I'm going to study medicine in the new few years (8 years!!!), I'm wondering (I'm a geek and software developer) what future is for the IT applied to medicine, is it promising. I worked with computers since 2001, I love programming and I'm self-taught.<p>I wonder if I can in the future mix my medicine knowledge with programming and IT??<p>Any ideas or links are appreciated!
======
TomOfTTB
Personally I believe the future of IT and Medicine to be in the field of
Predictive Analytics (In fairness this is what I've spent the last several
years working on so I'm a bit biased).

What computers do very well is to crunch numbers. The problem is the
confidentiality laws are so strict that the numbers have never been available.
The future I believe is coming and the future that I'm trying to bring about
is one where we realize a computer can separate diagnosis and treatment
information from identity and in doing so can access hugely valuable data
without ever violating a client's privacy. Then it can use that data to show
us patterns that we as humans would never see.

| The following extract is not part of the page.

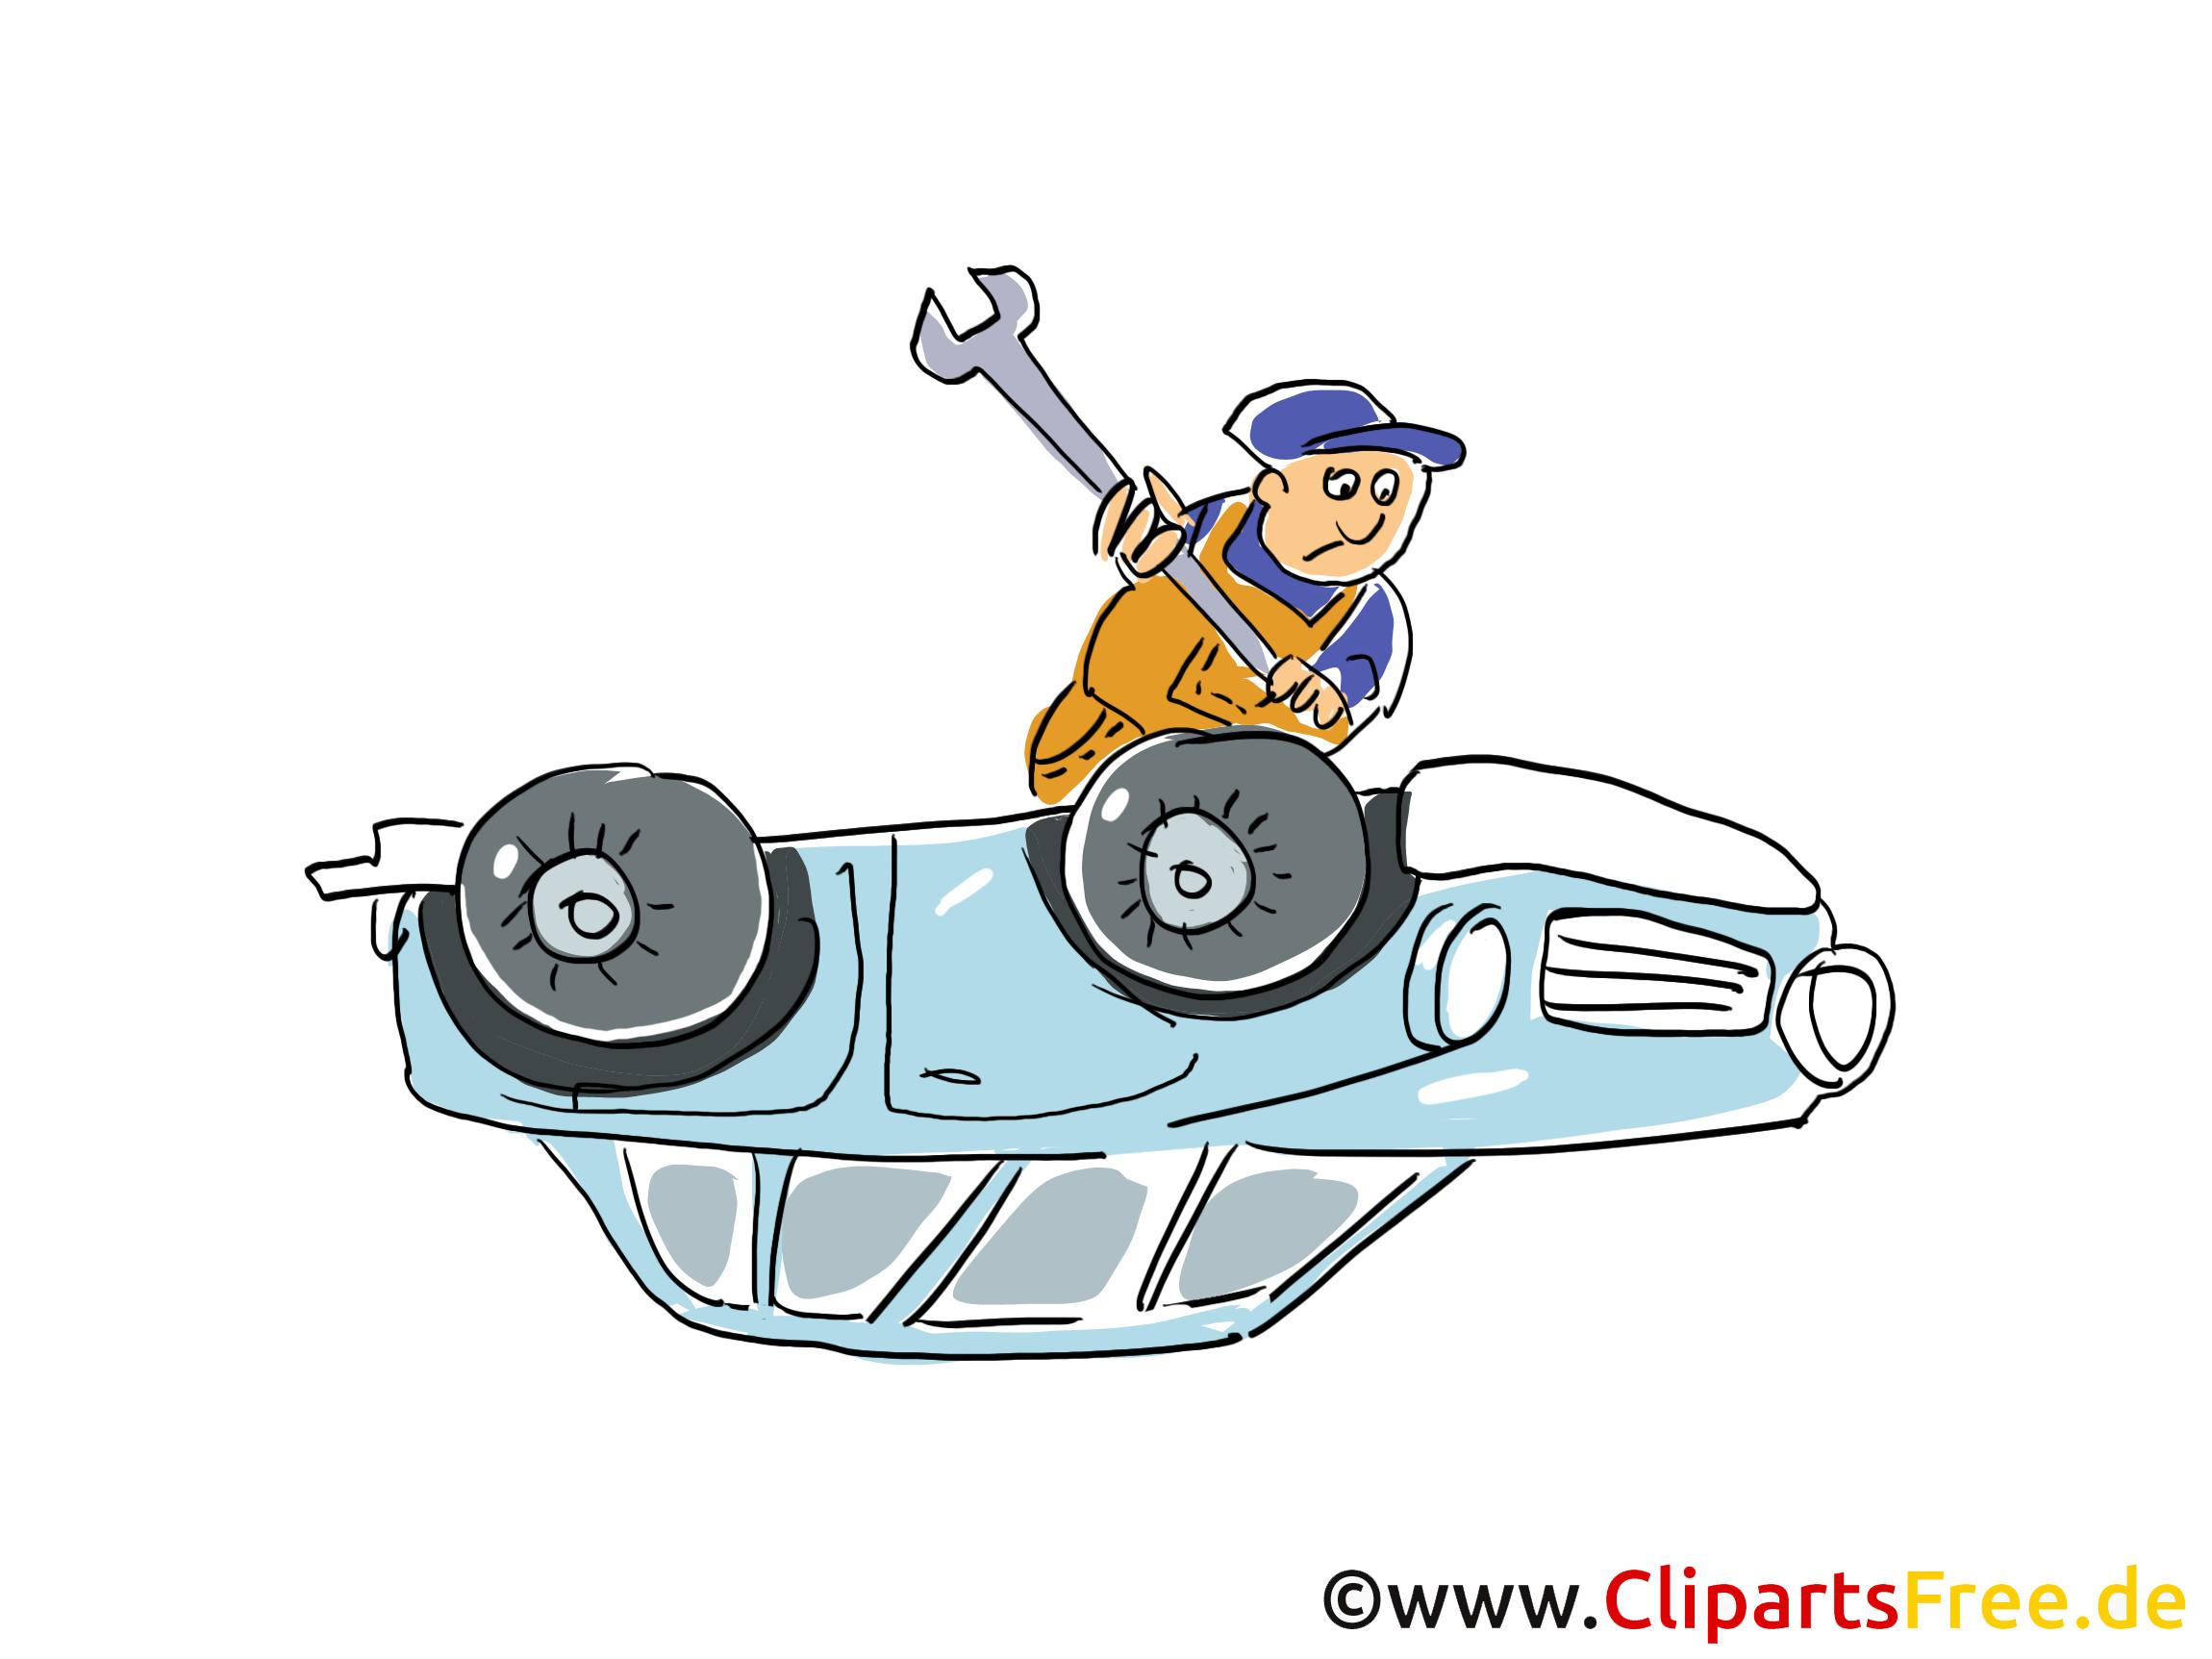 Autopanne Clipart, Bild, Grafik, Cartoon, Illustration gratis

This type of technology, which already exists today, could lead to faster
diagnosis and most importantly preventitive care that keeps people from
getting sick in the first place. That, to me, is the greatest thing IT can
provide for humanity in the next decade or so.

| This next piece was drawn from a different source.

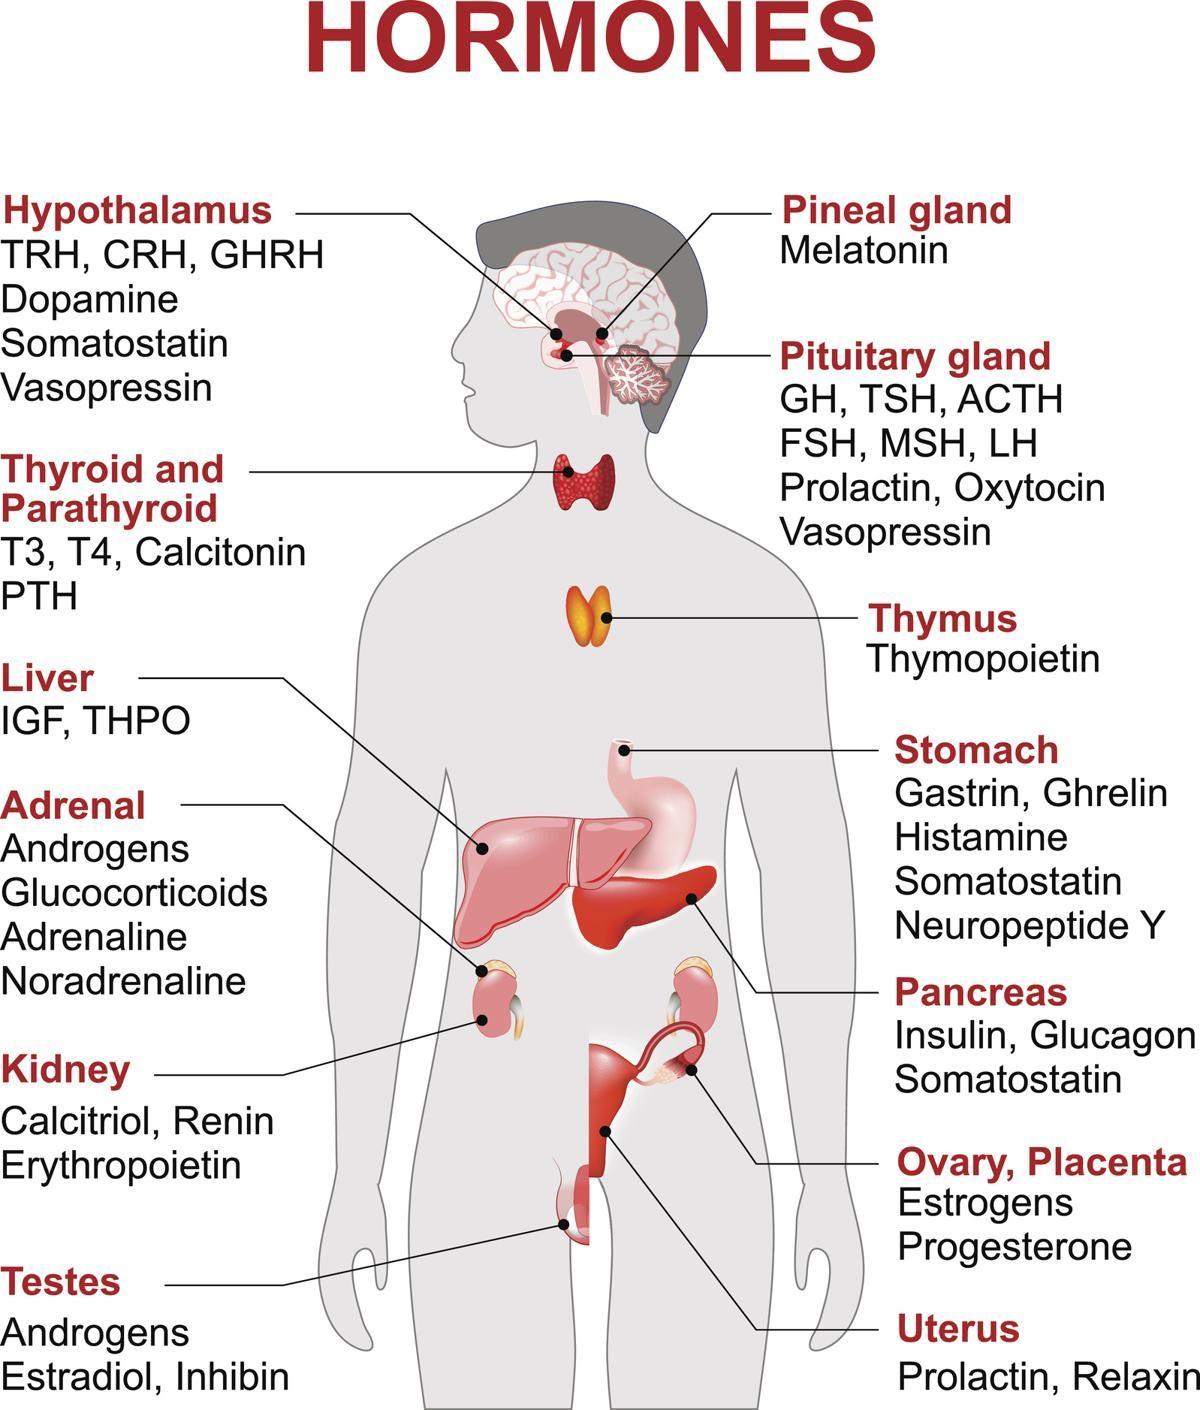 Endocrine Gland And Hormones

Don't get me wrong. There will be great advances in technology that have
nothing to do with the above. But those will be in things like nanotechnology
and laser development which (a) isn't what I'd call IT and (b) would require
you focus all your attention on them.

------
karatchov
A piece of advice from a med student: focus on your studies ! Since you have a
good computer experience, there is little chance that you lose your
IT/Programming knowledge if you just focus on your medecine. BUT, there are
much higher risks that you end up with a poor medecine knowledge if you try to
mix it with computing.

So, try to be a good or a very good doctor for the next 8 years, then you can
try to mix.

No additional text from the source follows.